The Relief That Failed

The loss of Oswestry cut the Royalist supply line between Chester and Shrewsbury. Sir Fulke Huncke, the Royalist commander at Shrewsbury, felt obliged to try to retake the town. He marched out with 2,000 infantry and 600 cavalry - a serious force. Lord Denbigh, who had by then reached Cheshire, sent Sir Thomas Myddelton back with a body of cavalry to support Mytton at Oswestry. The two cavalry forces met on 2 July at Whittington, three miles east of Oswestry. The Royalists, commanded by Colonel Marrow, were routed.
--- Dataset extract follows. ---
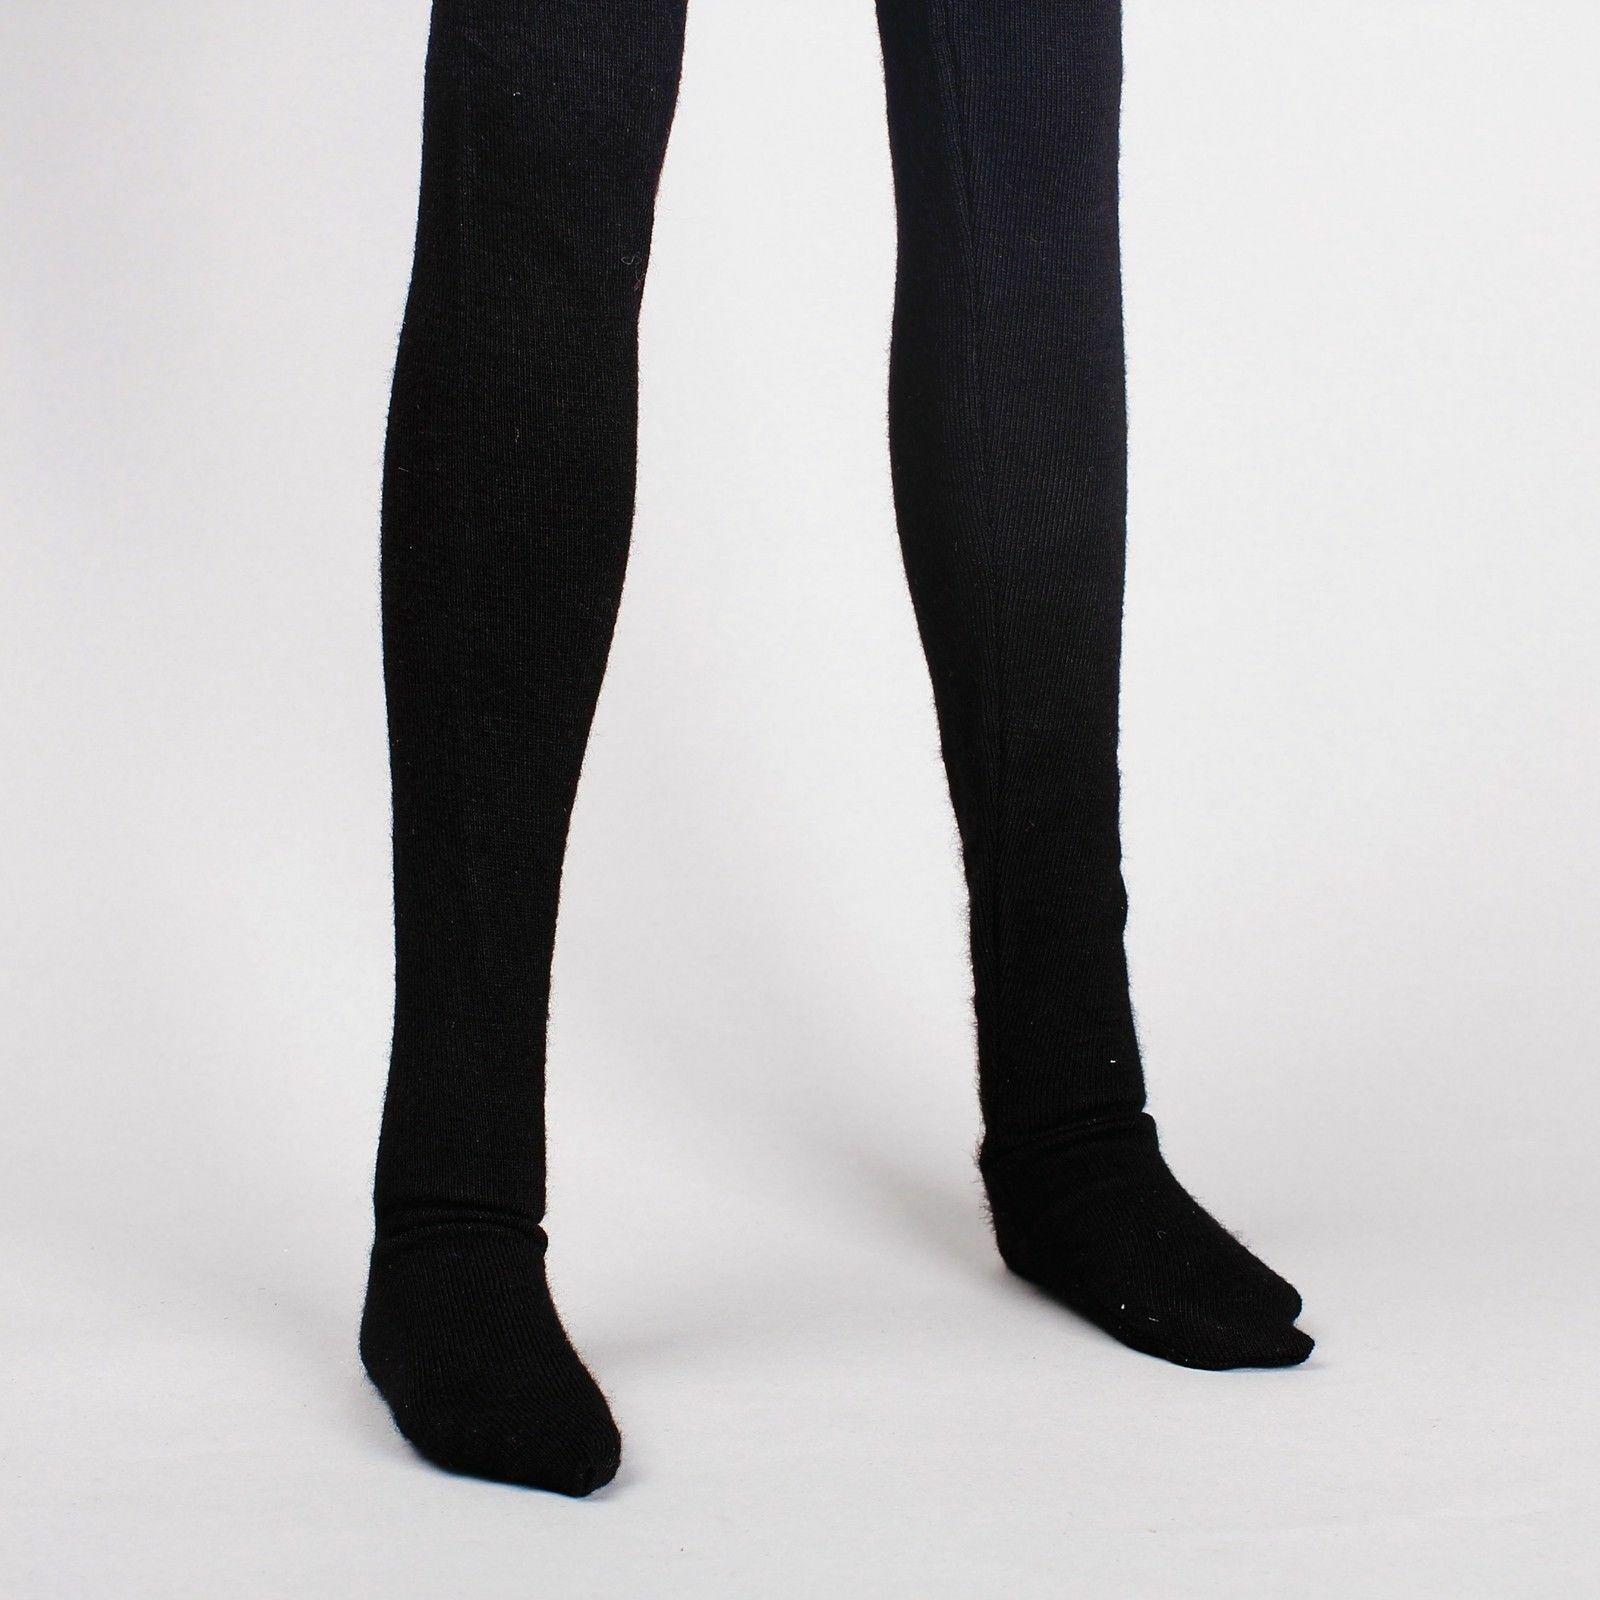 PF 10# Black Trousers Stockings Clothes 1//4 MSD DOD AOD DZ BJD Dollfie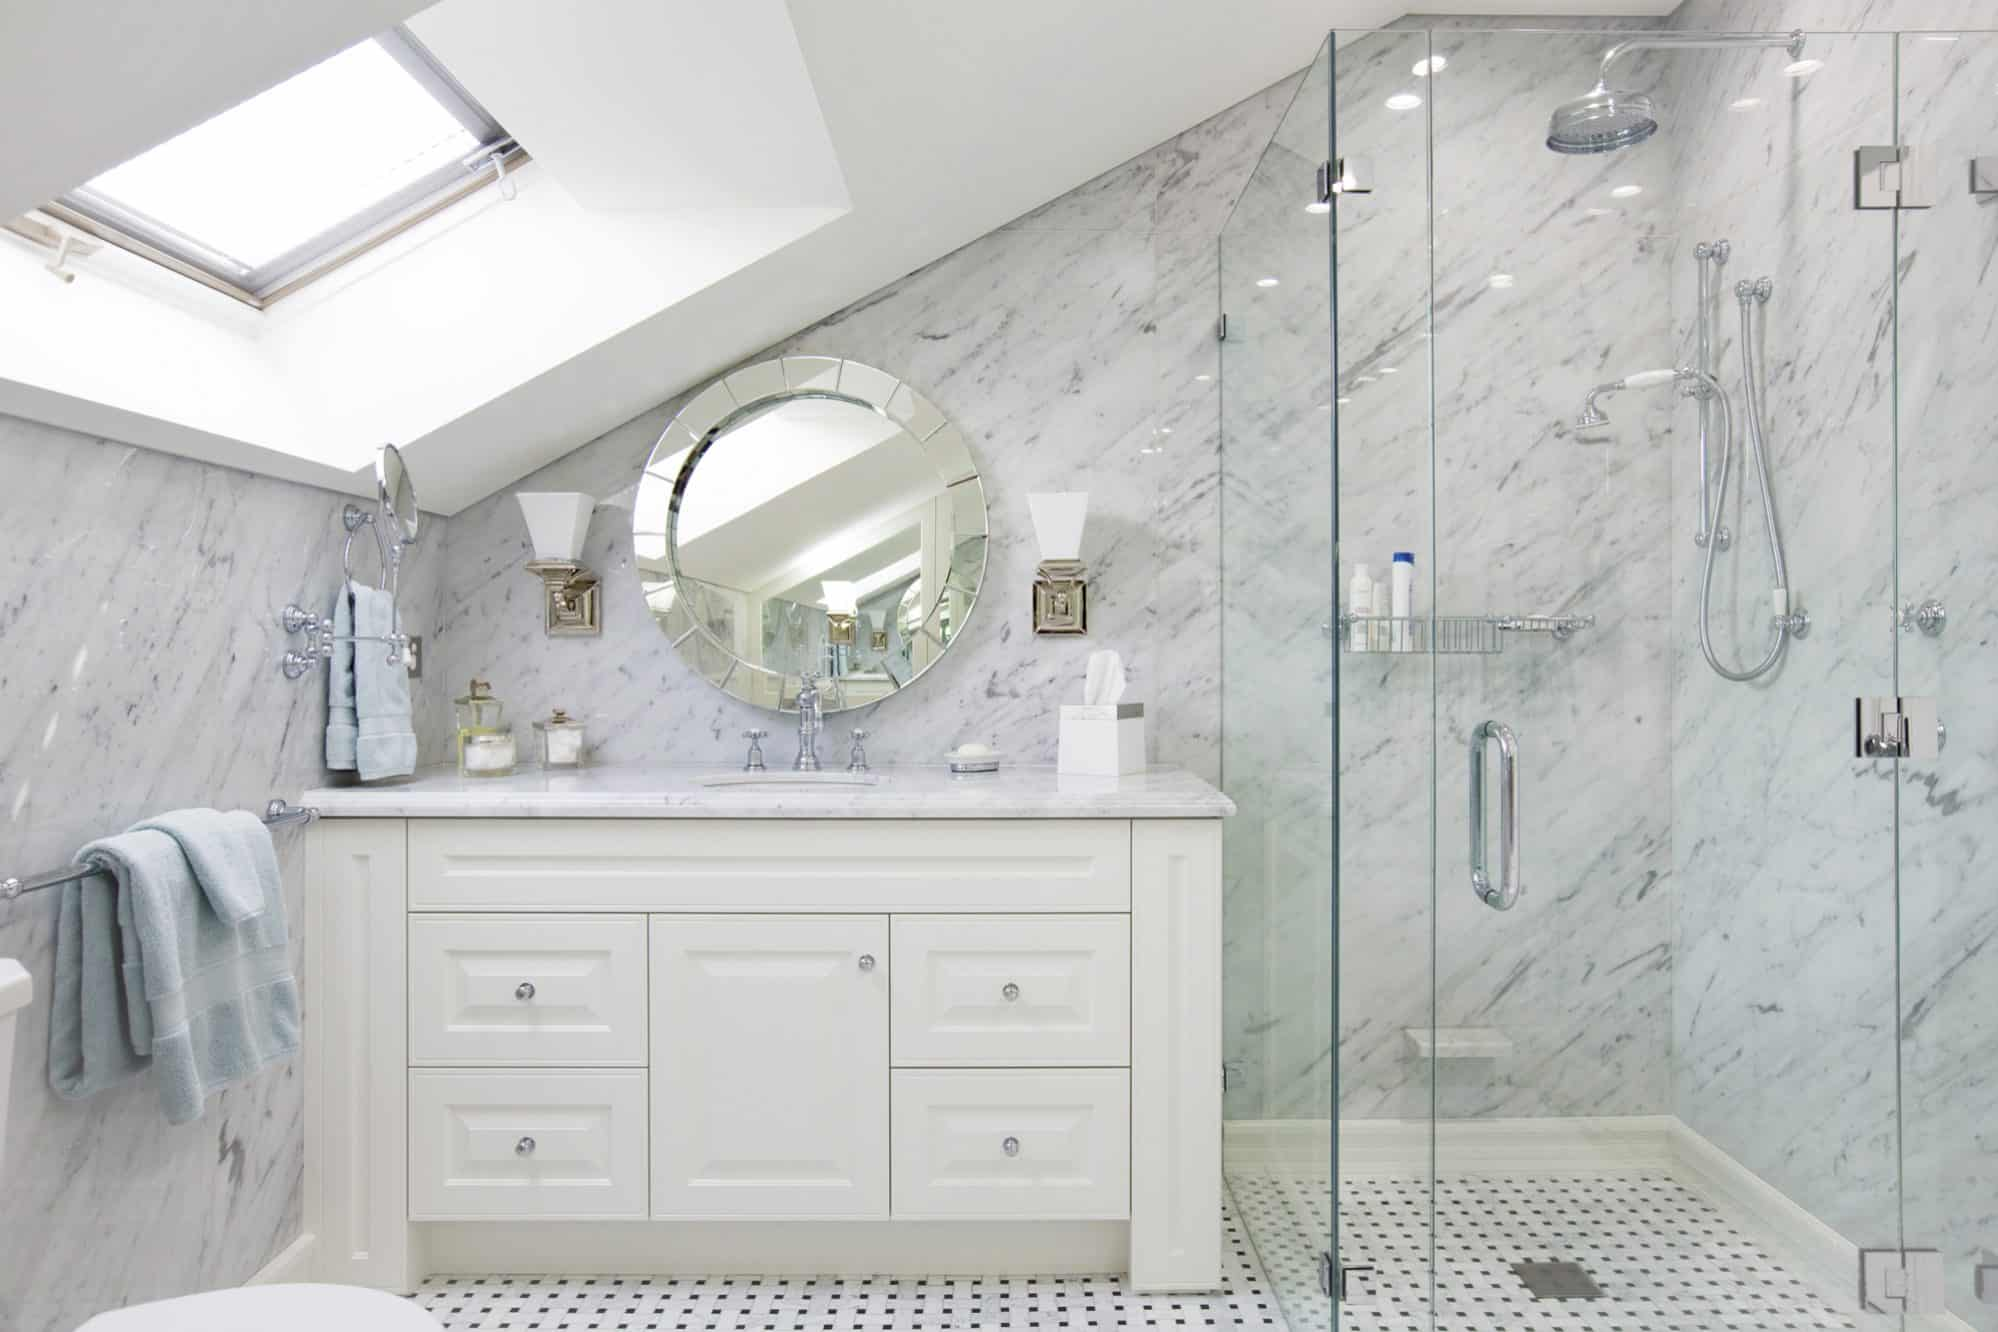 The Art Deco master bathroom

Without his cavalry, Huncke could not press the infantry attack against a garrisoned town. He turned back to Shrewsbury. Oswestry stayed in Parliamentarian hands.

The Walls Come Down

The Parliamentarians did not intend to hold Oswestry as a fortified town indefinitely. Walls were expensive to maintain and dangerous to leave standing if the war turned again - a Royalist counter-attack might find them as useful as their original builders had. The town's medieval walls were progressively pulled down, leaving only the Newgate Pillar standing today as a fragment of what had been a fortified medieval circuit. The castle itself was held a while longer, then 'slighted' - deliberately demolished to render it indefensible - and by 1650 it was a pile of rocks. What remains of Oswestry Castle today is the motte and a few stones. The town moved on; the church of St Oswald, which had been the opening prize on that June afternoon in 1644, still stands beside the modern town centre.

From the Air

The site of the battle is the town of Oswestry itself, at roughly 52.86 degrees north, 3.06 degrees west. From the air St Oswald's Church is a recognisable landmark, and the line of the medieval town - now without its walls - is still legible in the street pattern. Old Oswestry, the Iron Age hill fort on the northern edge of the town, is the dominant aerial feature in the area. Cruise at 2,500-4,000 feet for the best perspective. Shawbury (EGOS) lies about 18 nautical miles south-east. The Welsh border runs only a few miles west.